Альвин поднял бокал и выпил за здоровье Ильзы. Она прильнула к нему, подняла на него глаза, их охватило пламя единения, полного согласия, они были единая семья, единый фронт. Анна Фолькман, сидевшая рядом с ними у бара, сказала жениху громко, так, что все слышали:
— Когда наконец и у нас так будет!
Она видела любовное объяснение Альвинов. Ганс Бойман кивнул и наморщил лоб, а госпожа Альвин сказала:
— Все будет в свое время.
Анна поинтересовалась, что делает теперь клиент Альвина, доктор Бенрат, неверный друг, он уже несколько месяцев не дает о себе знать.

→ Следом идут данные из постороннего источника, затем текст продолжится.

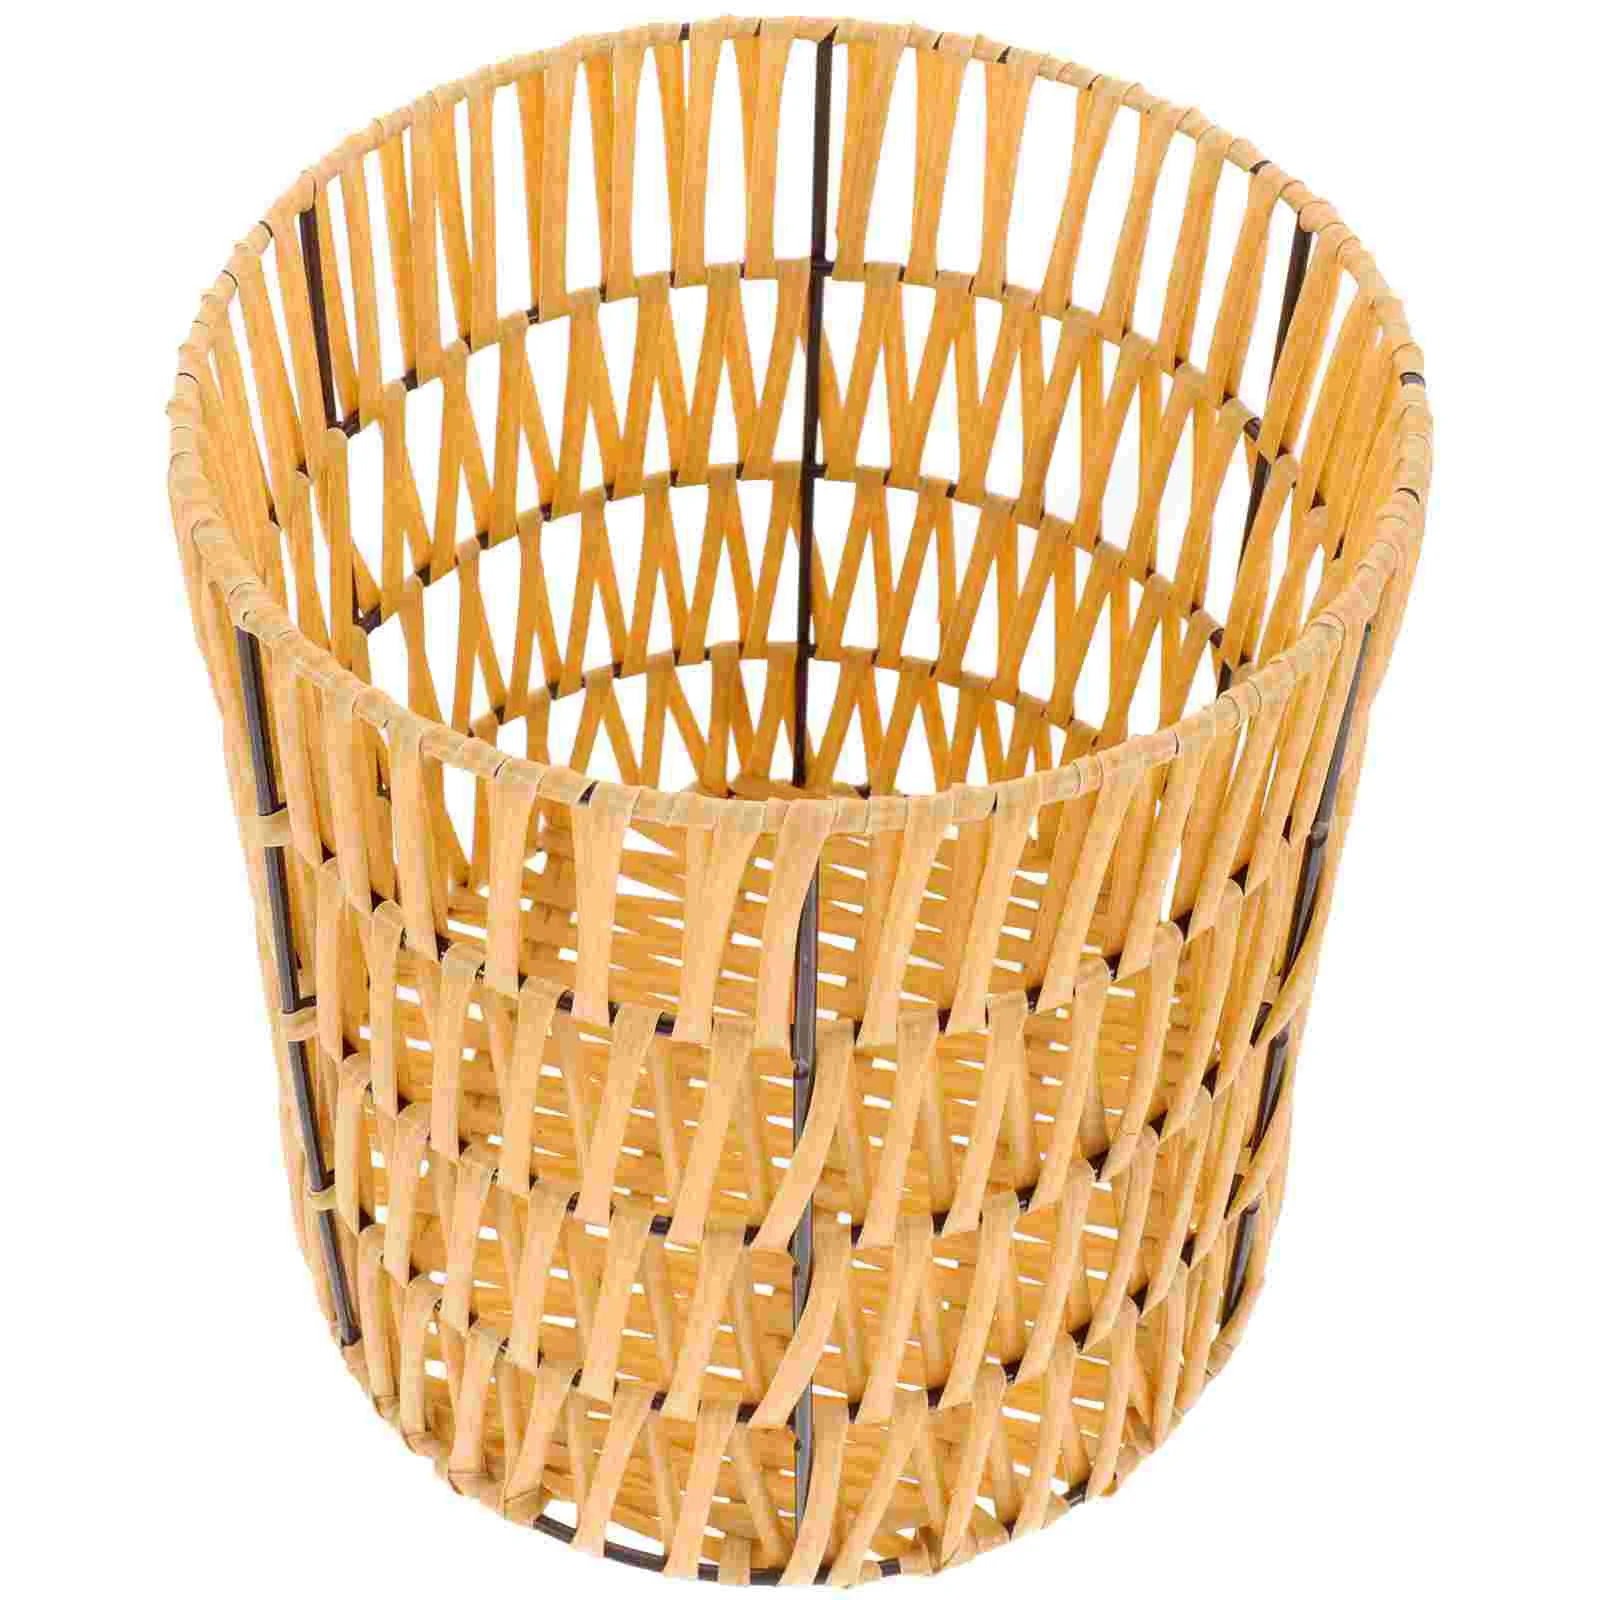 

Basket Woven Trash Bin Wicker Rattan Waste Storage Can Garbage Laundry Baskets Seagrass Planter Toy Flower Paper Straw Organizer

Альвин ответил, что Бенрат уехал из Парижа в Берлин, но в Филиппсбург не вернется. А госпожа Альвин добавила: вот так получается, если в собственном доме порядка не поддерживаешь. Она всегда считала доктора Бенрата человеком ненадежным, а что он жену обманывал направо и налево, это все знали, н-да, гинеколог, а жена его была такая милая (Альвин помнил, что Ильза совсем иначе говорила о госпоже Бенрат при ее жизни), во всяком случае, Бирга намного превосходила владелицу магазина, которая ведь тоже замешана в эту историю. Тут в бар сквозь толпу протиснулись госпожа Фолькман и госпожа Францке, за ними, углубившись в разговор, следовали Бюсген и Сесиль. Госпожа Фолькман пришла, по всей видимости, затем, чтобы показать госпоже Францке свой заново отделанный бар.
— Ну, что скажете! — воскликнула она. — И все по собственным эскизам!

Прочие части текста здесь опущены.